Its a bit different for both platforms. I can post a more detialed set later but the basics were the air superiority mission with a specified software built that was completely tested and certified by the proper authorities. The full Operational Testing may or may not have been completed but the requirement is usually to have completed all test-points and received certification for the capability being sought at IOC. FOC usually means complete OT certification, fully installed, debugged and certified EMD contracted Software build and weapons envelope capability.

For the F-35 the IOC is defined by each operator differently. The Marines want software 2B, with internal weapons capability for a CAS mission i.e. 2 bombs and 2 missiles. The USAF wants a similar capability for a first day light strike. In addition you have to complete all concurrency changes that have been identified during testing. This means you have to have the logistical capability to incorporate those changes at the depot for a dozen or so F-35's at a time (10-11 for the USMC and a similar amount for the USAF) and also receive complete certification for that envelope.

FOC for the F-35 involves all OT testing certification, full SDD (system development) capability delivery, 3F software and all weapons clearance. Post IOC and Pre FOC there would be no hardware change to the jet (other than Marine Corps jets that will receive new ICP in 2016 but that is going to happen every other block irrespective of FOC as its a part of the growth roadmap) and the only change would be in the software addition. Weapons certification, envelope expansion for the weapons continue post IOC all the way till 2018 (2 years from USAF IOC). Beyond mid 2018 the only thing left would be software build delivery which is expected to face a 6 month delay. So FOC may come for the USAF/USMC around early 2019.

The USN has not defined a proper FOC but many think it is a block 4I configuration which is slated for 2021 or 2 years after they IOC.

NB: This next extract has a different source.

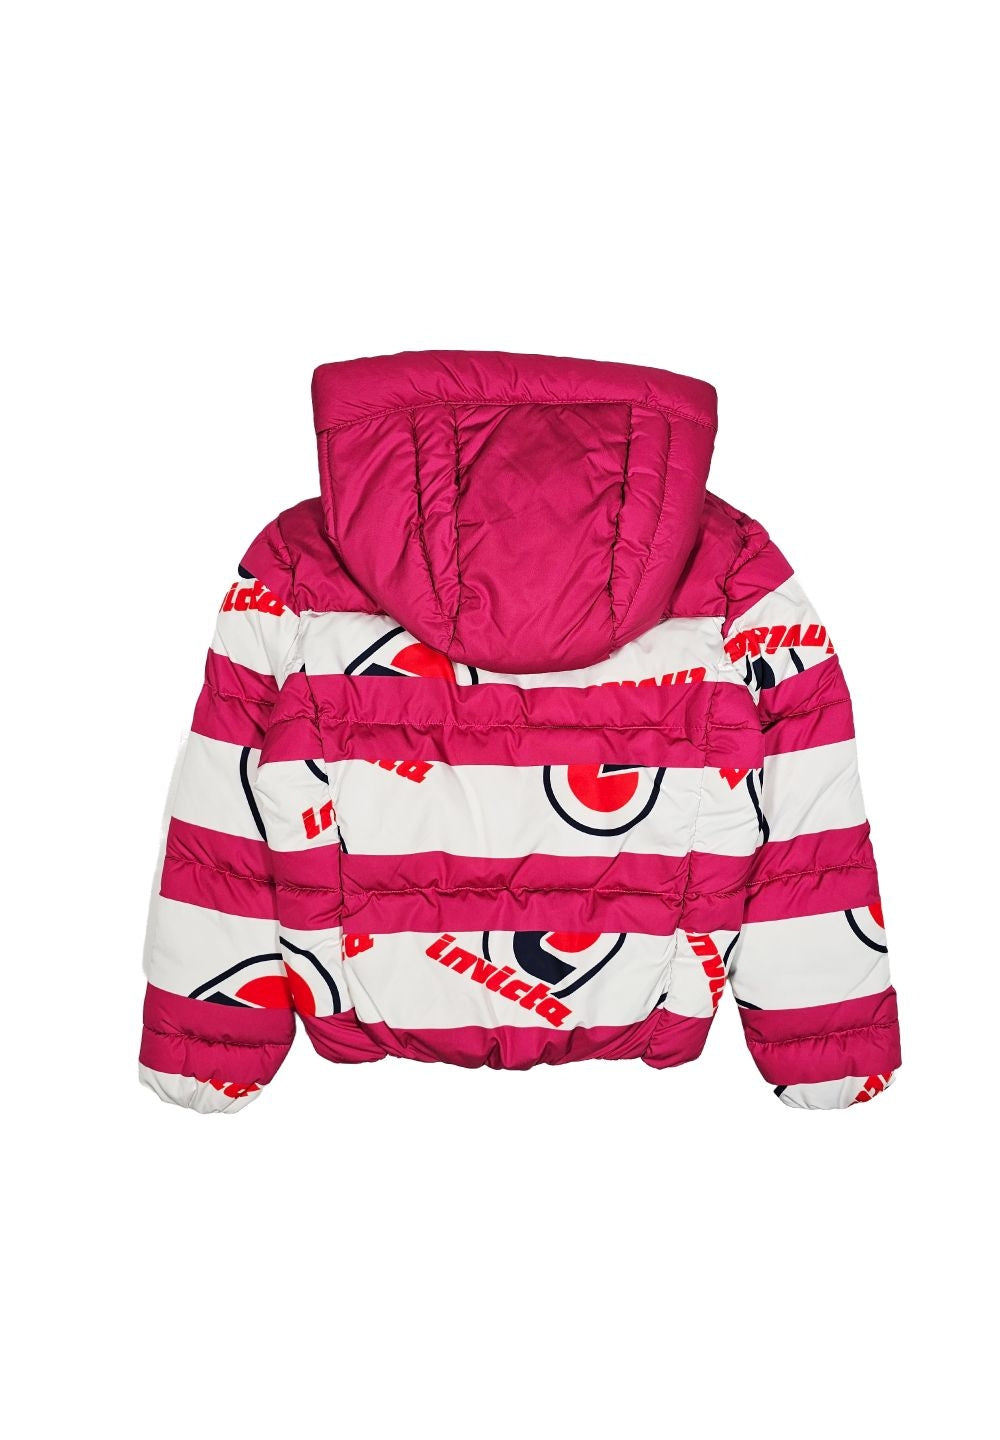 Pink-white jacket for girls
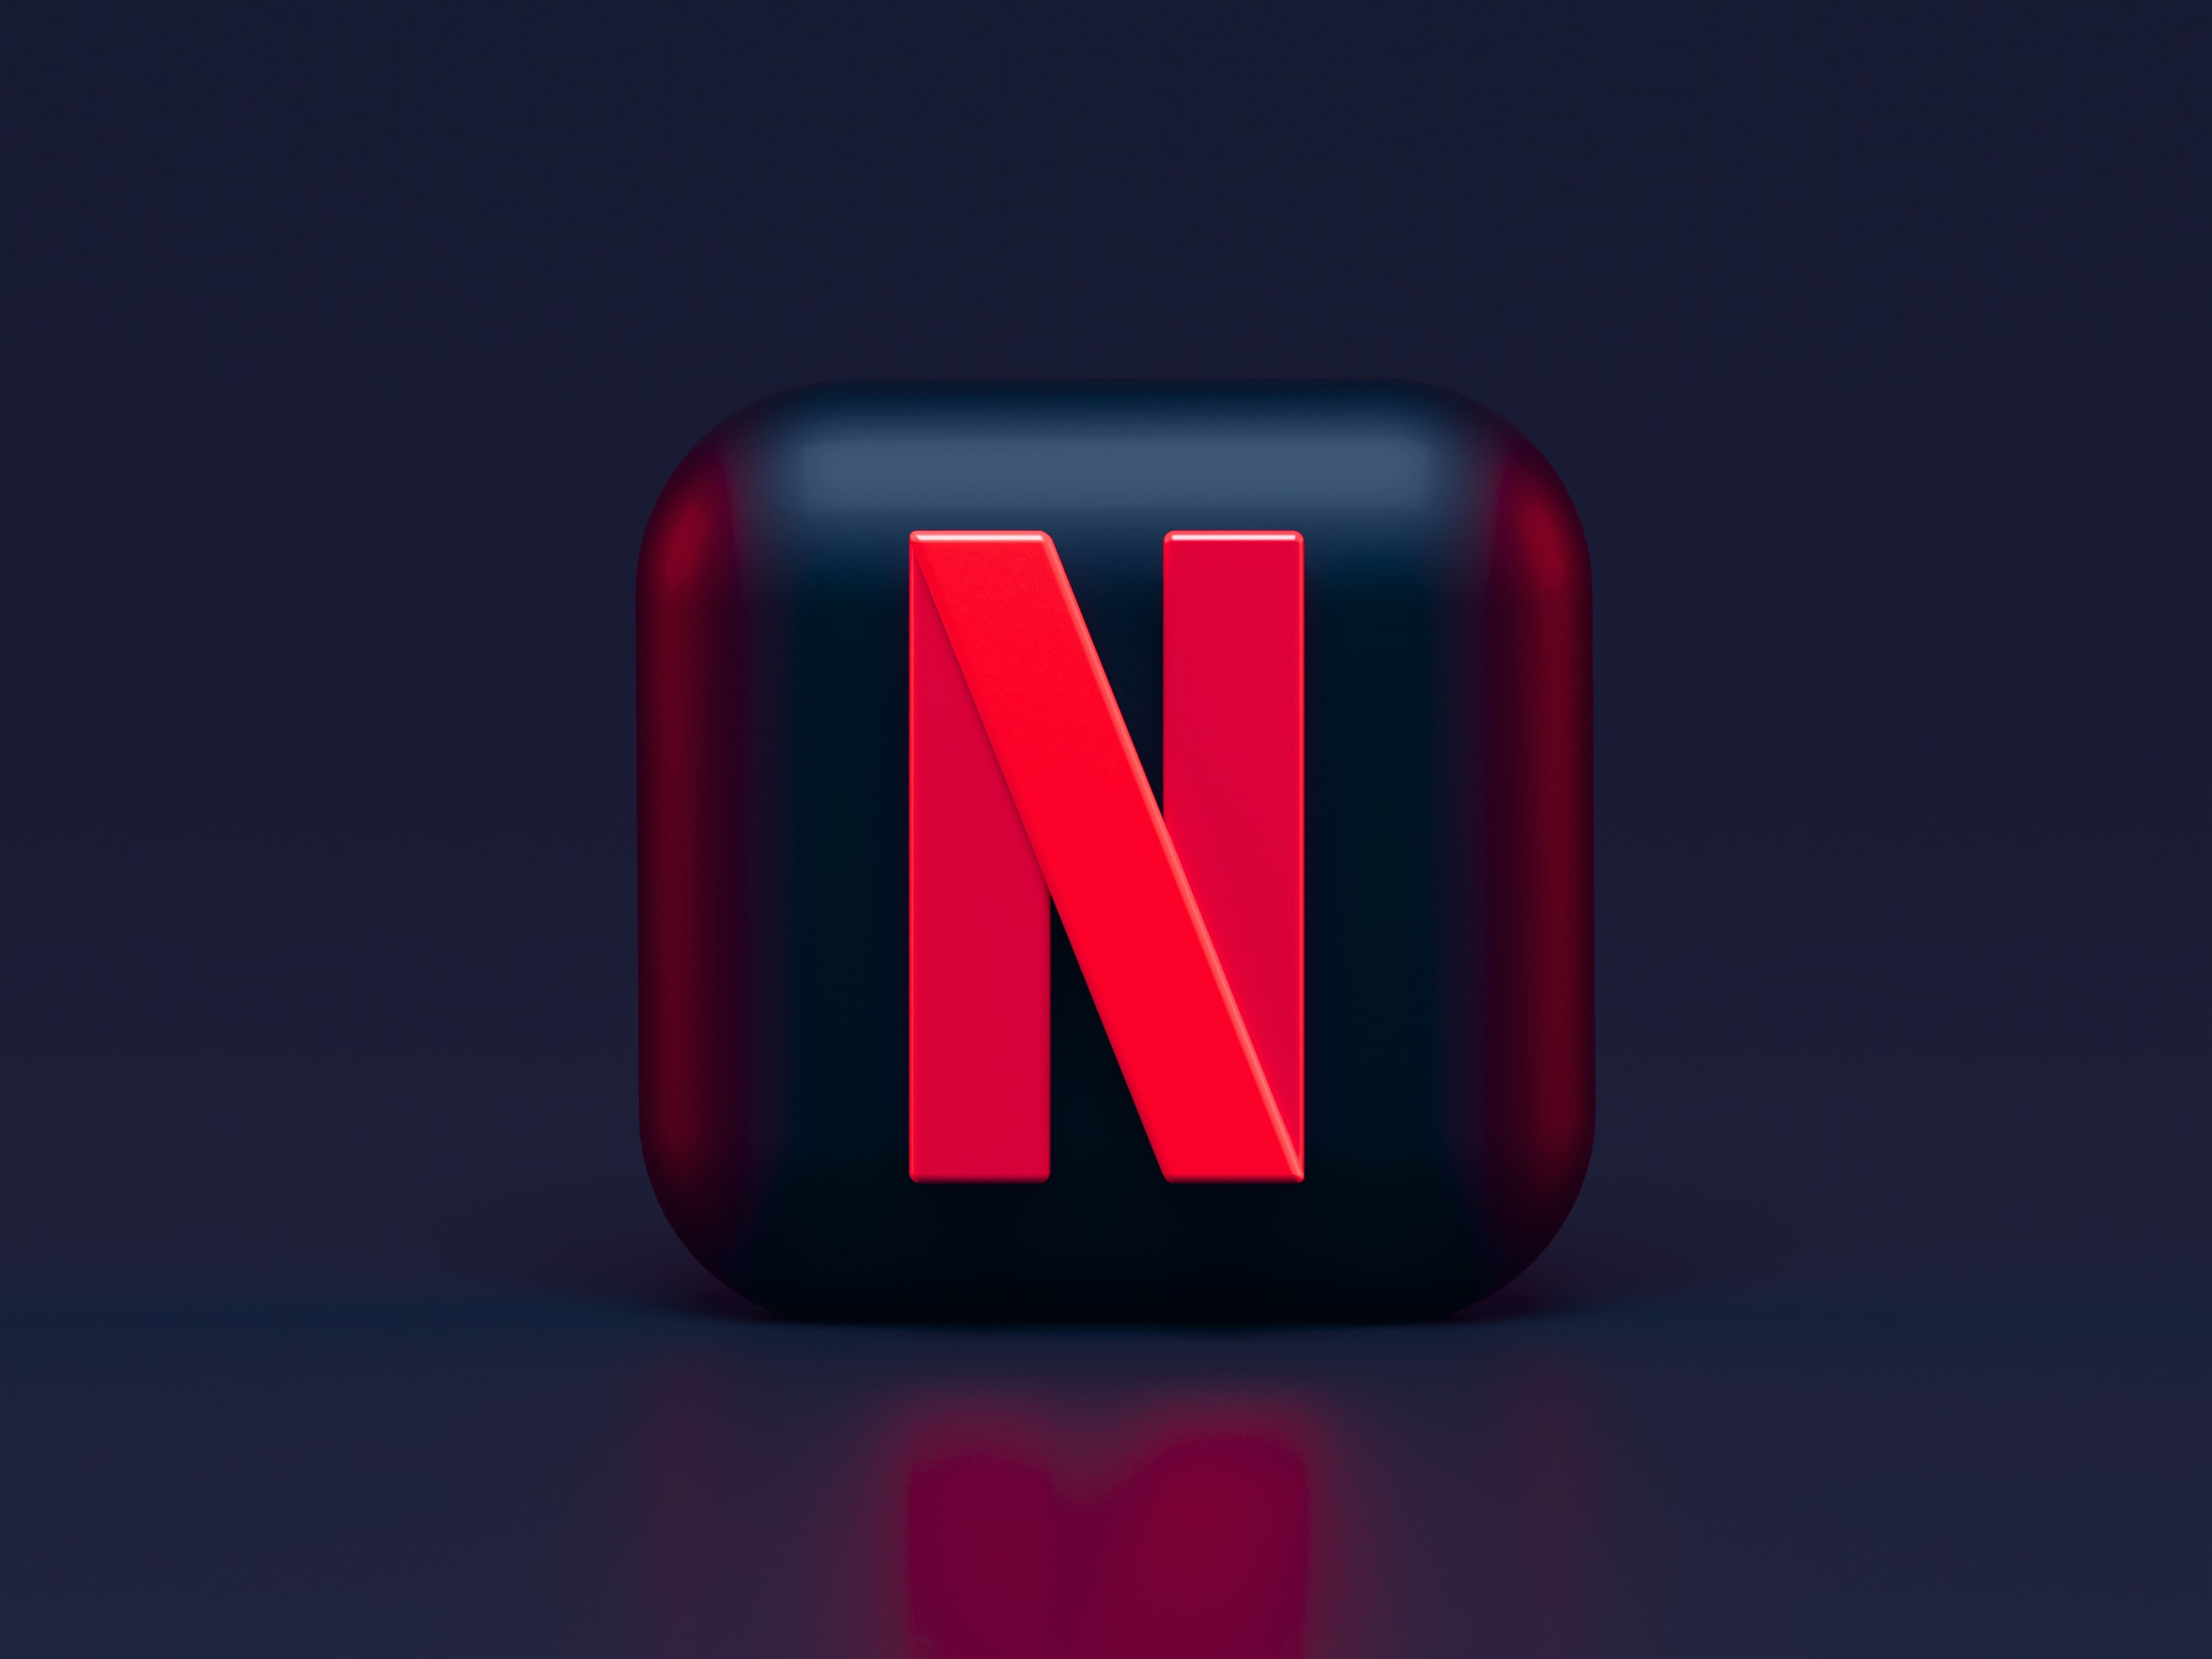 Wedbush Upgrades Netflix As &#39;Immensely Profitable, Slow-Growth Company&#39;: What Else Interests The Analyst?

Over the years, especially for large programs the services in the US have taken a more pragmatic view on IOC. Its a way to unshackle yourself from the developmental program that is usually slow and cautious. For example each and every sortie of the F-35 has to be video recorded on the ground (take offs, landings, taxis etc) and there are other restrictions that are controlled by the Joint program office. Basically the services want to be unshackle form these restrictions and fully utilize the jet for training and ( and to begin to absorb the jet in the larger force structure) are looking to get out as soon as the entire system is stable enough to allow them to do so. In July the Marines declare IOC...They'll take another 12 months to really get a hang of the jet and won't be deploying outside of the US till early 2017. The USAF IOC's in 2016 (August) and they'll take another 12-15 months to fully absorb the capability...IOC is very much a soft-induction of sorts and most are looking at full SDD capability which itself would come into the fleet in 2017 (thats when block 3F is delivered) but the certifications for that wont show up till a year later. The F-35 is likely to see at least a couple of red-flags before it sees FOC as the aim is to get it out fast and get the pilots, maintainers fully trained and proficient on the jet. They also want to integrate 5th and 4th generation jets as quickly as possible as they have to learn to live and fight together. All that happens in ernest once the Services have "full control" over their weapon systems which they only get post IOC. Even now (pre-IOC) The Marines have begun doing simulated CAS missions, and have been even training 2 ship and 4 ship flights with F-18E/F's against 'reds' out of Yuma but that for the moment is usually in support of tactic development or some other technicality that allows them to do so.

Many wrongly believe that IOC is a major event when its really not that big of a deal. It takes months if not years to absorb a new capability into your force structure. The one advantage the F-35 has is numbers so no one will have to wait for production to catch up but regardless its going to take time to get it fully integrated into the USAF and its not as easy one may think.

Here's a brief on the F-35 IOC criteria and requisites : http://breakingdefense.com/wp-content/u ... _FINAL.pdf
Last edited by brar_w on 31 Mar 2015 17:53, edited 3 times in total.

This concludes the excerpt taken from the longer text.